6.10. A. Developer agrees to (i) limit its total reimbursement from the proceeds
of Bonds of CFD 2004-01 to $27,000,000.00 (ii) any funds in the
Project Improvement Fund in excess of the amount required to fund
such total reimbursement, less any CFD 2004-01 consultant costs
associated with the redemption of Bonds and adding residential units
approved in the Project Entitlements to CFD 2004-01, shall be applied
to redeem a portion of the Bonds, consistent with applicable provisions
of State and Federal laws and regulations. As a result of such
redemption, the Special Taxes for Facilities shall be decreased in
accordance with the Rate and Method (defined below).

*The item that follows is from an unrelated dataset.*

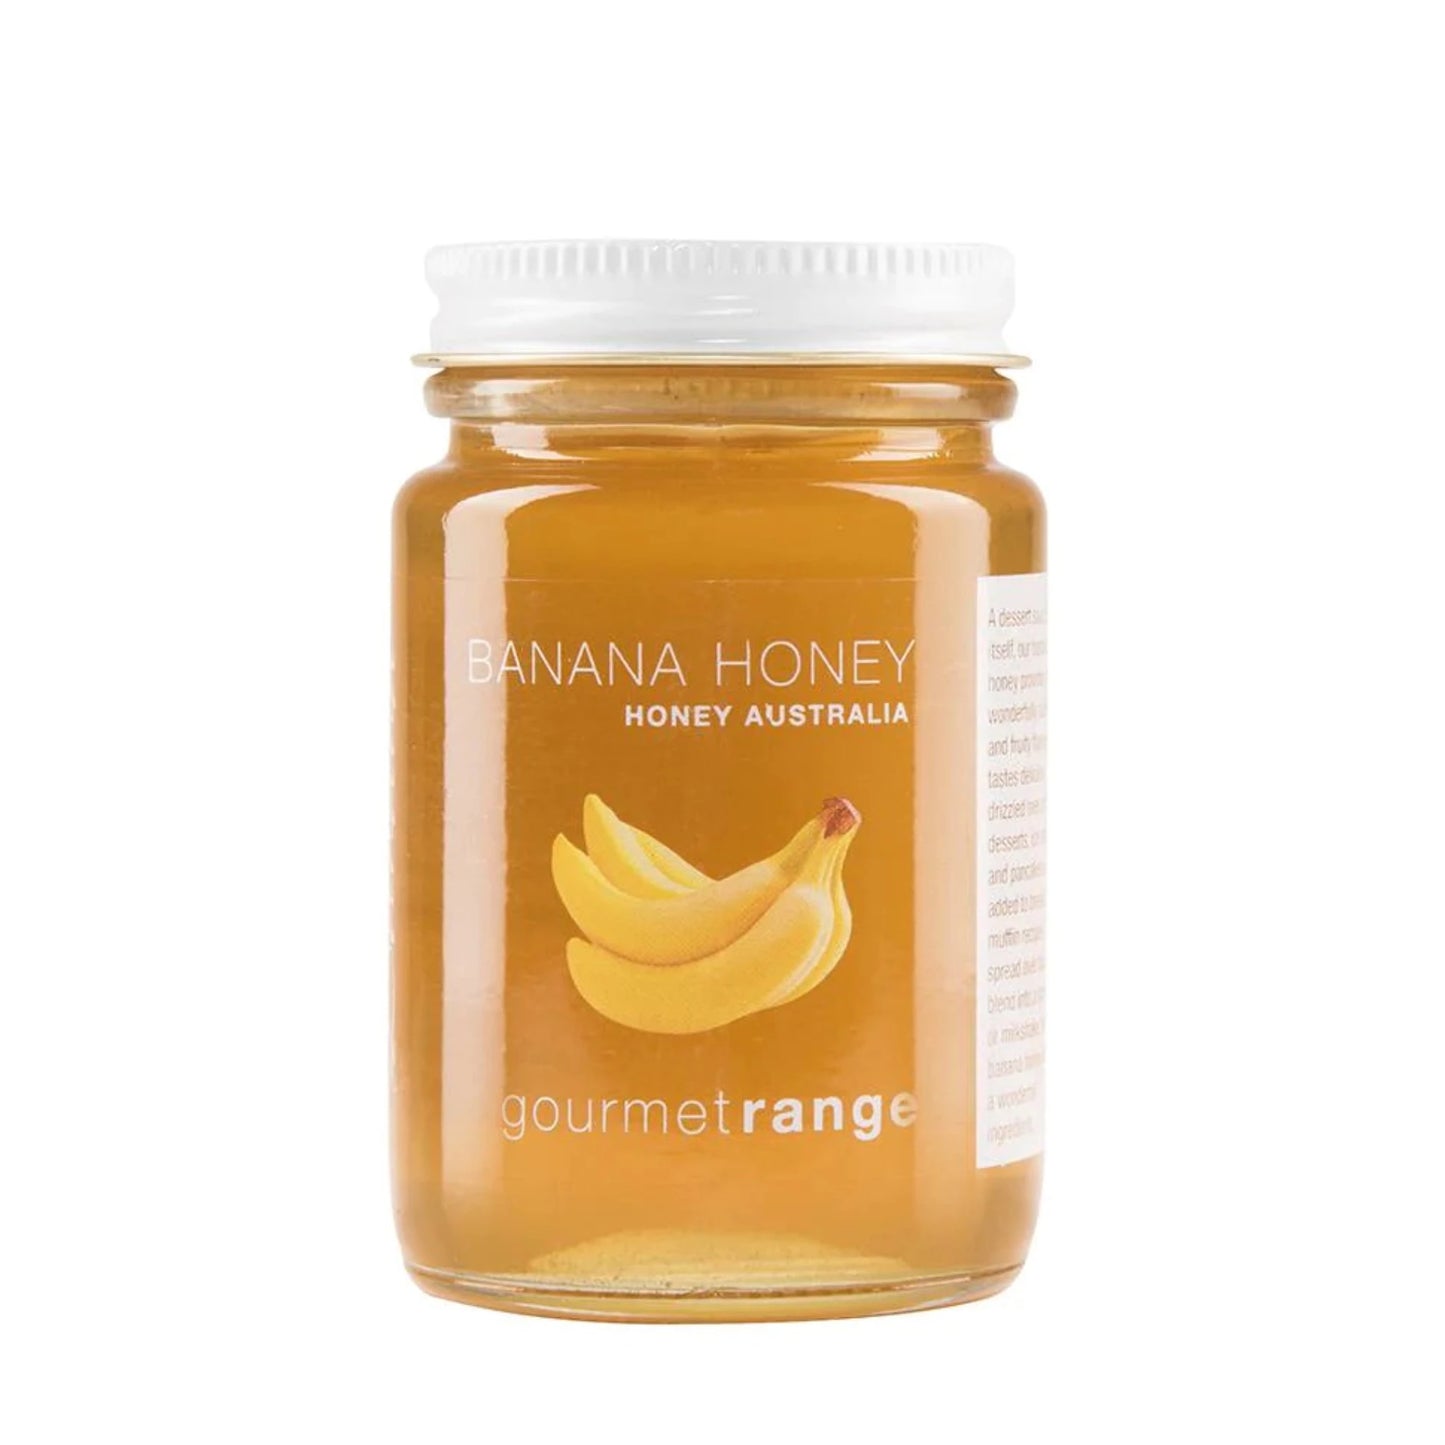 Mudgee Honey Haven - Banana Honey 170g

Developer
agrees that no additional public improvements shall be eligible for
reimbursement from CFD 2004-01 resulting from development of this
property.
B. To the extent permitted by applicable law, Developer agrees to initiate
action to include the Property (except residential units designated to be
sold to low income buyers pursuant to Section 6.9 of this Agreement)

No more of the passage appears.